As 1 Corinthians 13 emphasizes, we are nothing without love. Peter Haresnape beautifully puts it this way:
“If I speak about courage and justice, and siding with the oppressed, and speaking truth to power no matter the cost, but do not speak about love, I am just a loudmouth orator, a white savior, a shameless self-promoter. If I am excellent at nonviolent communication and I take great pictures, and I know all the latest anti-oppresive lingo, and I can analyze racist systems so as to dismantle them entirely, but I have not love, I am nothing. If I fully embrace the work of prophet and activist and martyr, and get dragged away by the riot police or bombed by the military of my own country, but have not love, that is no use to anyone.
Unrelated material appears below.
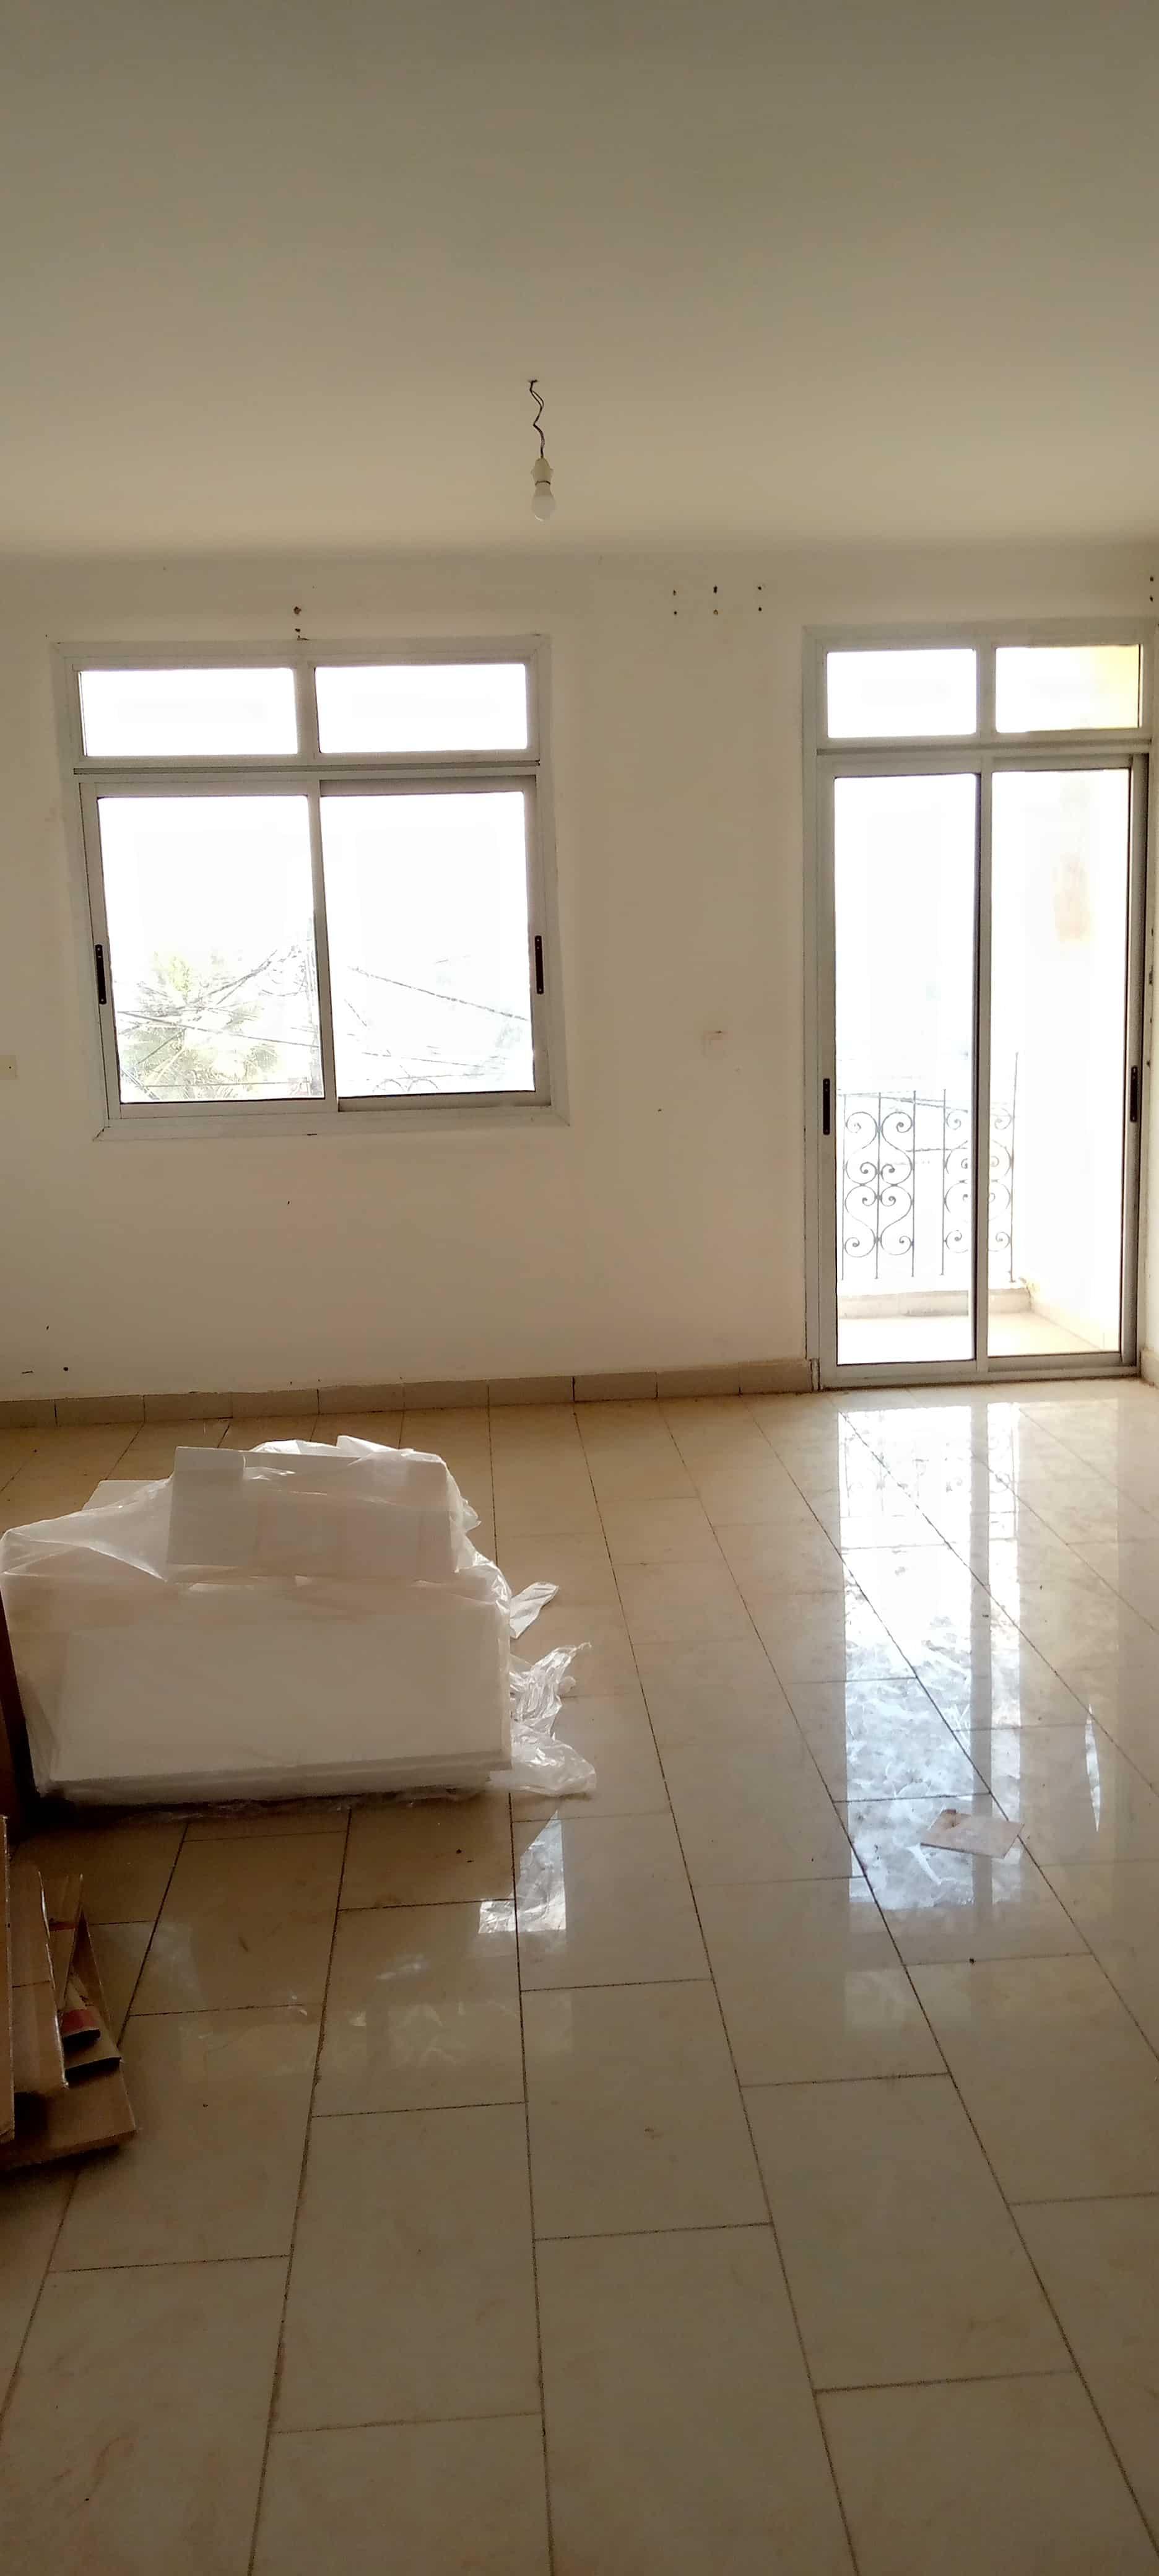 Apartment to rent - Yaoundé, Santa Barbara, Pas loin de la sonel - 1 living room(s), 2 bedroom(s), 2 bathroom(s) - 200 000 FCFA / month
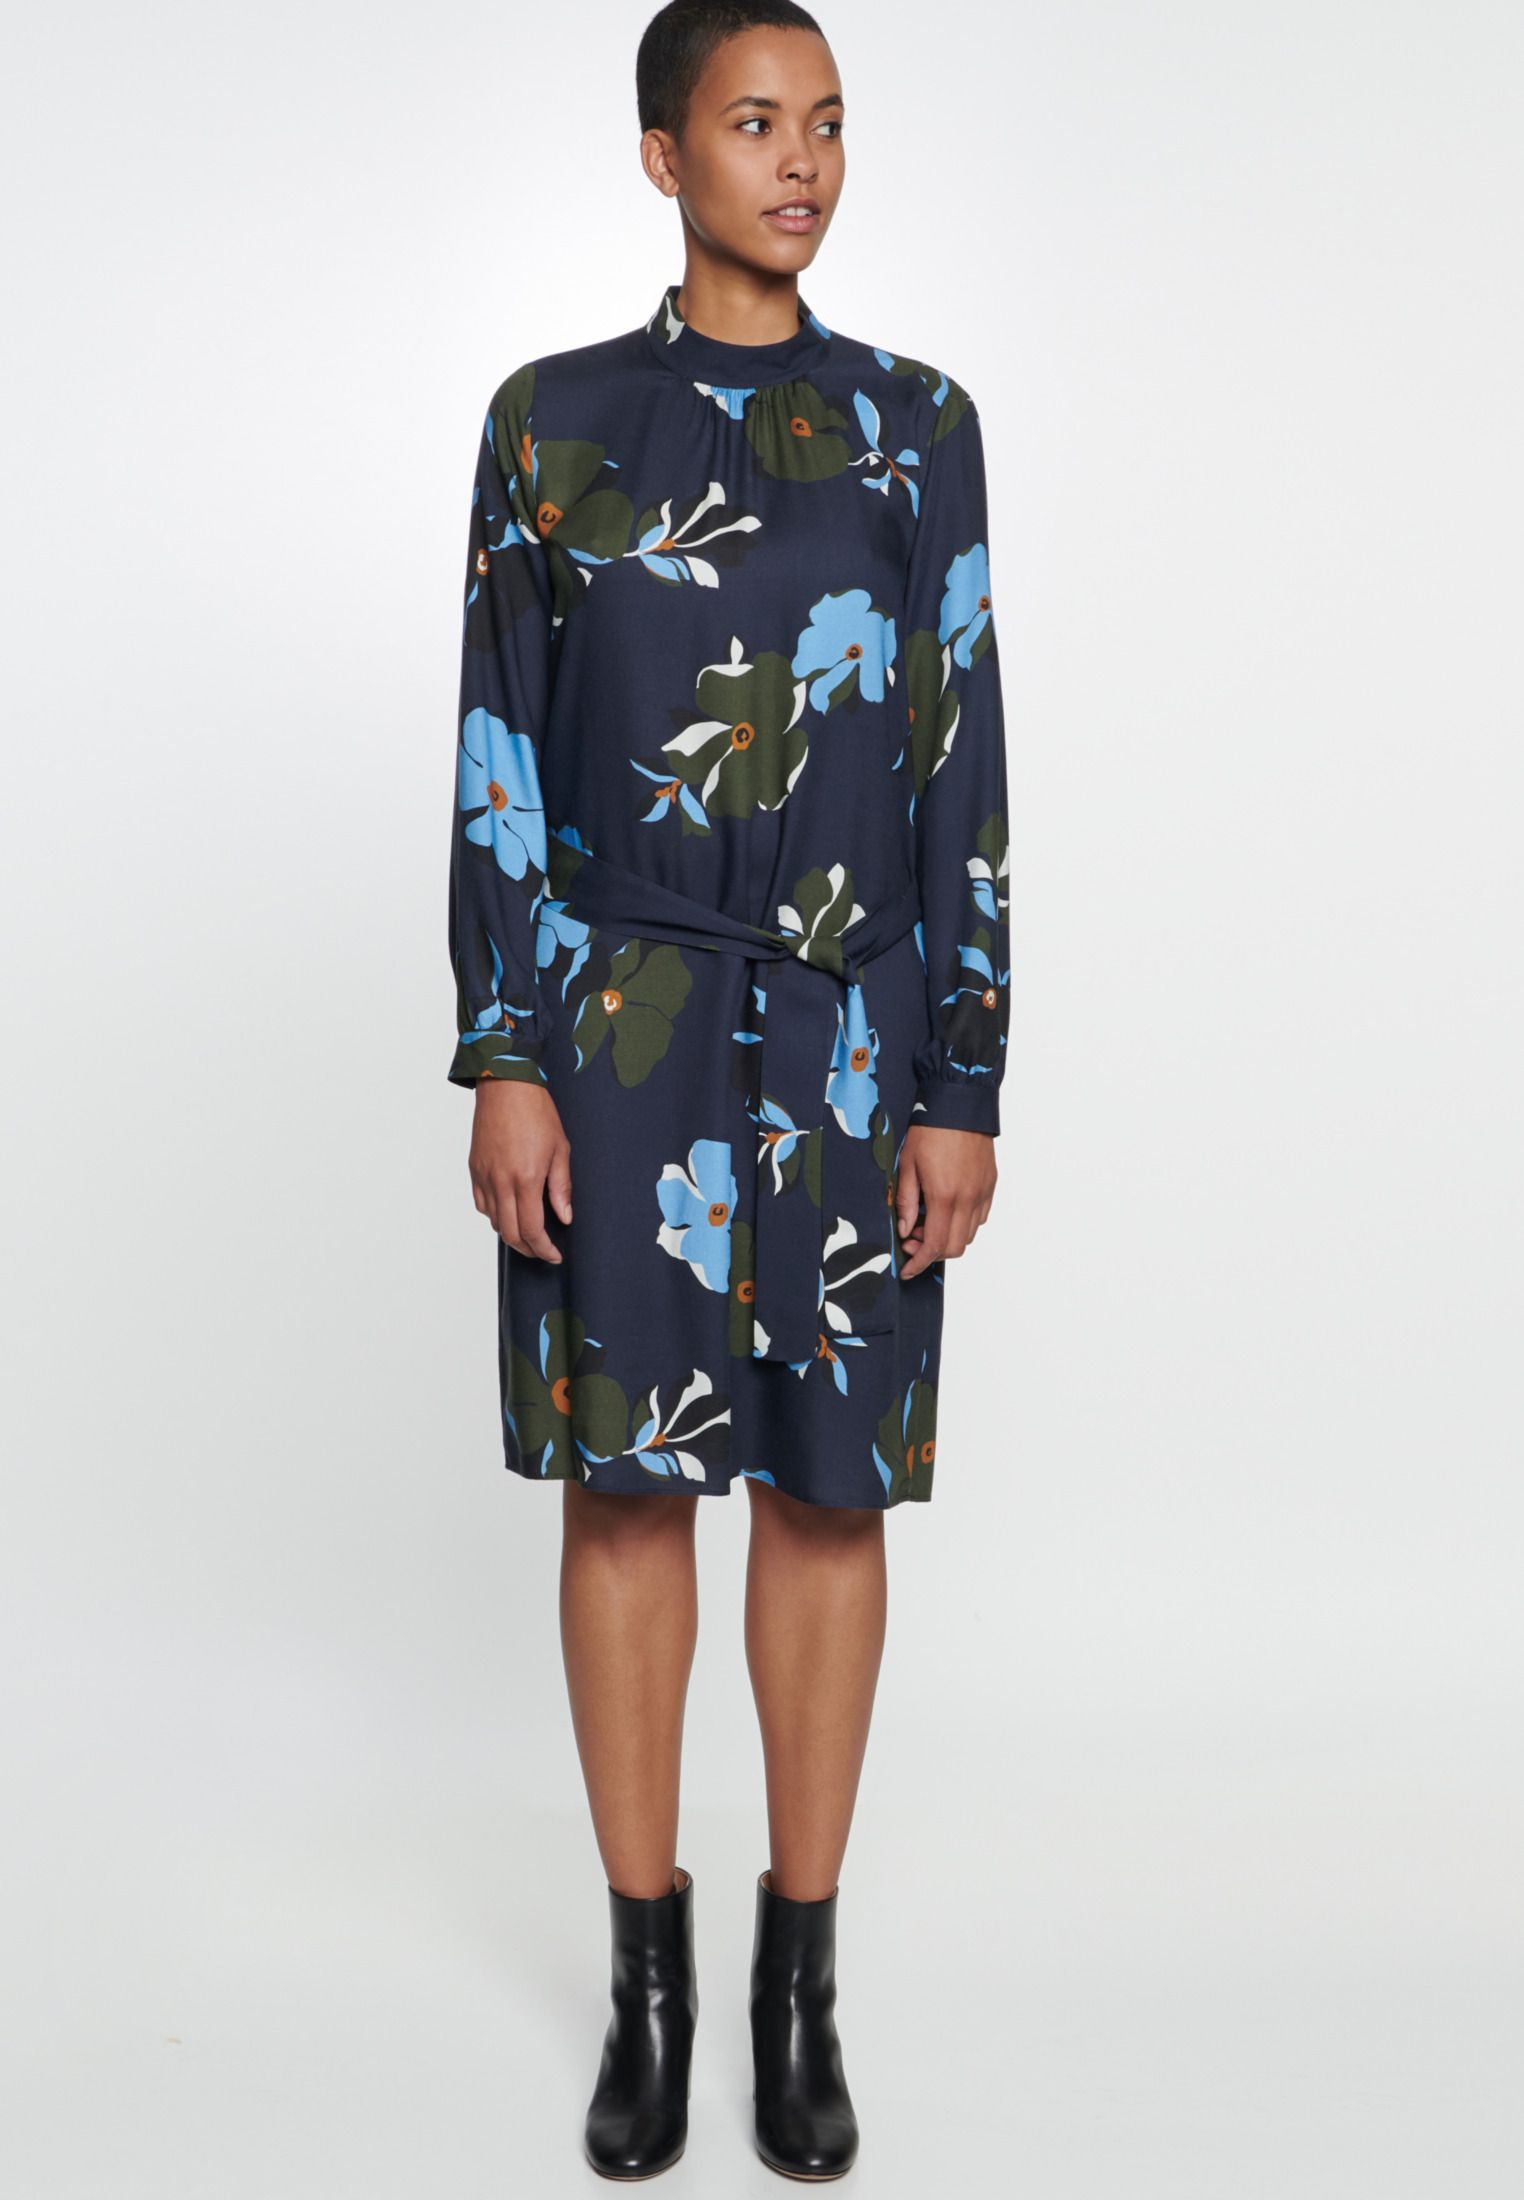 Damen Twill Midi Kleid aus 18% Viskose dunkelblau 18.18-18

Love is patient, Love survives evil, war, oppression. It remains when the teargas clears and the children go back to school. It is still there when the water is protected. Love is kind, not arrogant, not insisting on its own way, but making space for joy and truth even in the hardest circumstance.
Whether it is love between two people, or love of a person for their community, or love of a community for its land, or love of justice and peace and equity, love bears all things, believes all things, hopes all things, endures all things. Love never ends.
Our motivation should be that of Matthew 5:16, “let your light shine before others, that they may see your good deeds and glorify your Father in heaven.” Haresnape continued: "What remains when all is stripped away is three things: faith that the flawed world as we see it is not all that there is; Hope that the next generation will live in a better world; and Love to give us the strength and motivation to build it. The greatest of these is love." In our effort to love, first we must practice spiritual disciplines such as prayer to truly hear, believe, and know the abundant love of Christ so that we genuinely love others as He first loved us.